CEDU CONDANNA LA SPAGNA

20 settembre 2024 - Tempo di lettura: 10 minuti www.egm.it no profit by www.biodiritti.org - link d'invito per leggere in Telegram altri articoli di divulgazione Scientifica di Biodiritti by Egm.it No Profit

17.09.2024 LA CORTE EUROPEA DEI DIRITTI DELL'UOMO PUBBLICA LA CONDANNA DELLA SPAGNA E DEI SUOI TRIBUNALI PER LA VIOLAZIONE DEI BIODIRITTI E AUTODETERMINAZIONE DI UNA TESTIMONE DI GEOVA SU EMOTRASFUSIONI EFFETTUATE NONOSTANTE RIFIUTATE CON DAT REGISTRATE - LEGGERE TUTTO E CONDIVIDERE PER FAR CONOSCERE GLI ATTI DELLA CORTE EUROPEA DIRITTI DELL’UOMO (CEDU)

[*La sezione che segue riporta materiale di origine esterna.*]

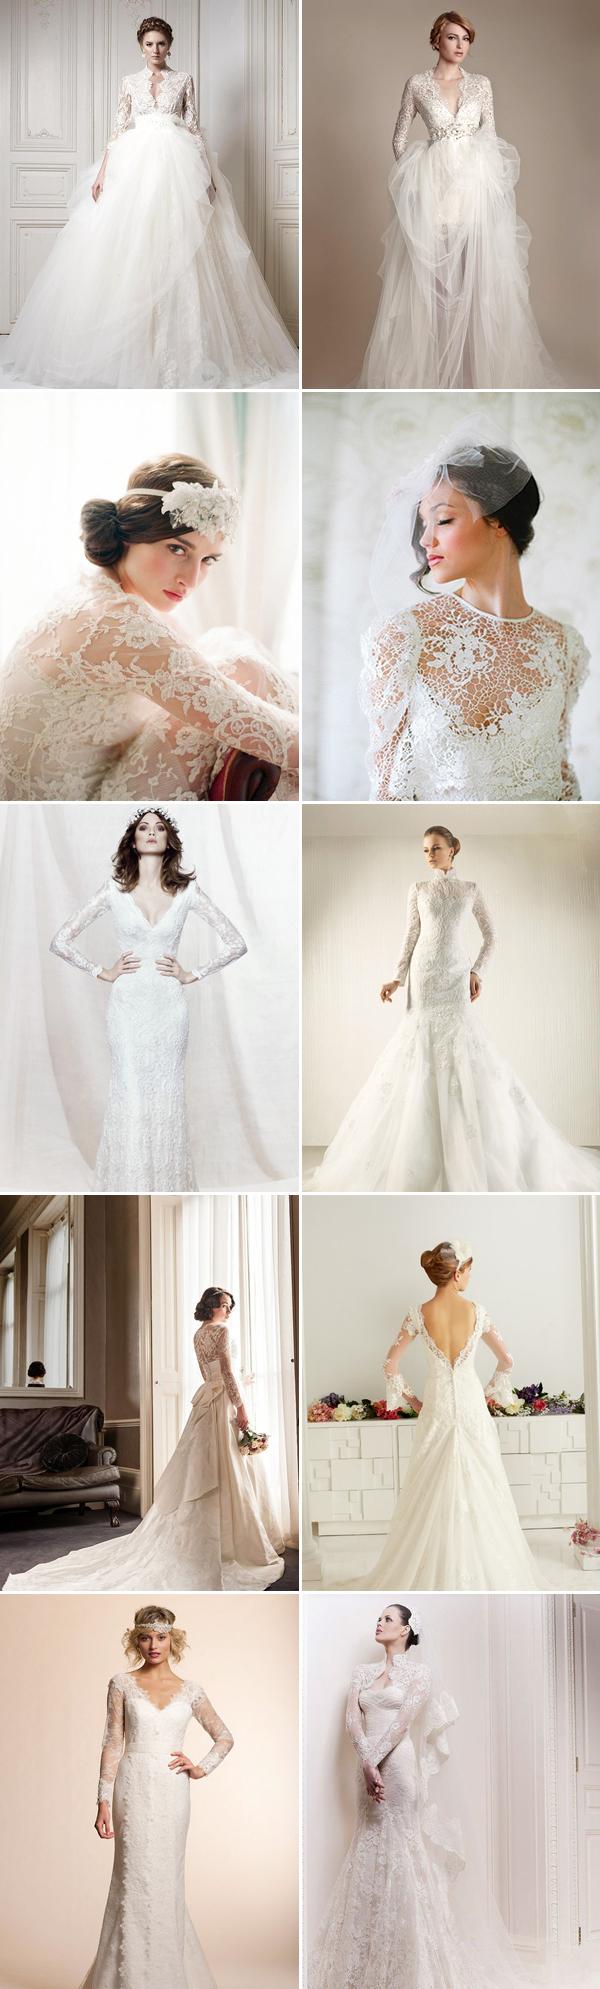 02_long sleeve wedding dresses

Alcuni commenti internazionali che abbiamo ricevuti hanno affermato che verso questa persona c'è stato un accanimento non solo irrispettoso verso i Diritti dell'Uomo ma ancor più truffaldino e con il sapore della vecchia inquisizione Spagnola. A questo scopo preferiamo pubblicare gli atti ufficiali in maniera integrale e i link per leggerli nel sito della CEDU. Le successive informazioni sono state rilasciate dal cancelliere della CEDU

Nella sentenza 17.09.2024 della Grande Camera nel caso di Pindo Mulla v. Spagna (domanda n. 15541/20) la Corte europea dei diritti dell'uomo ha ritenuto, all'unanimità, che c'era stato: Una violazione dell'articolo 8 (diritto al rispetto per la vita privata e familiare) della Convenzione europea dei diritti dell'uomo letto alla luce dell'articolo 9 (libertà di pensiero, coscienza e religione). Il caso riguardava trasfusioni di sangue somministrate alla richiedente, una testimone di Geova, durante un intervento chirurgico d'urgenza, nonostante il suo rifiuto di sottoporsi a una trasfusione di sangue di qualsiasi tipo.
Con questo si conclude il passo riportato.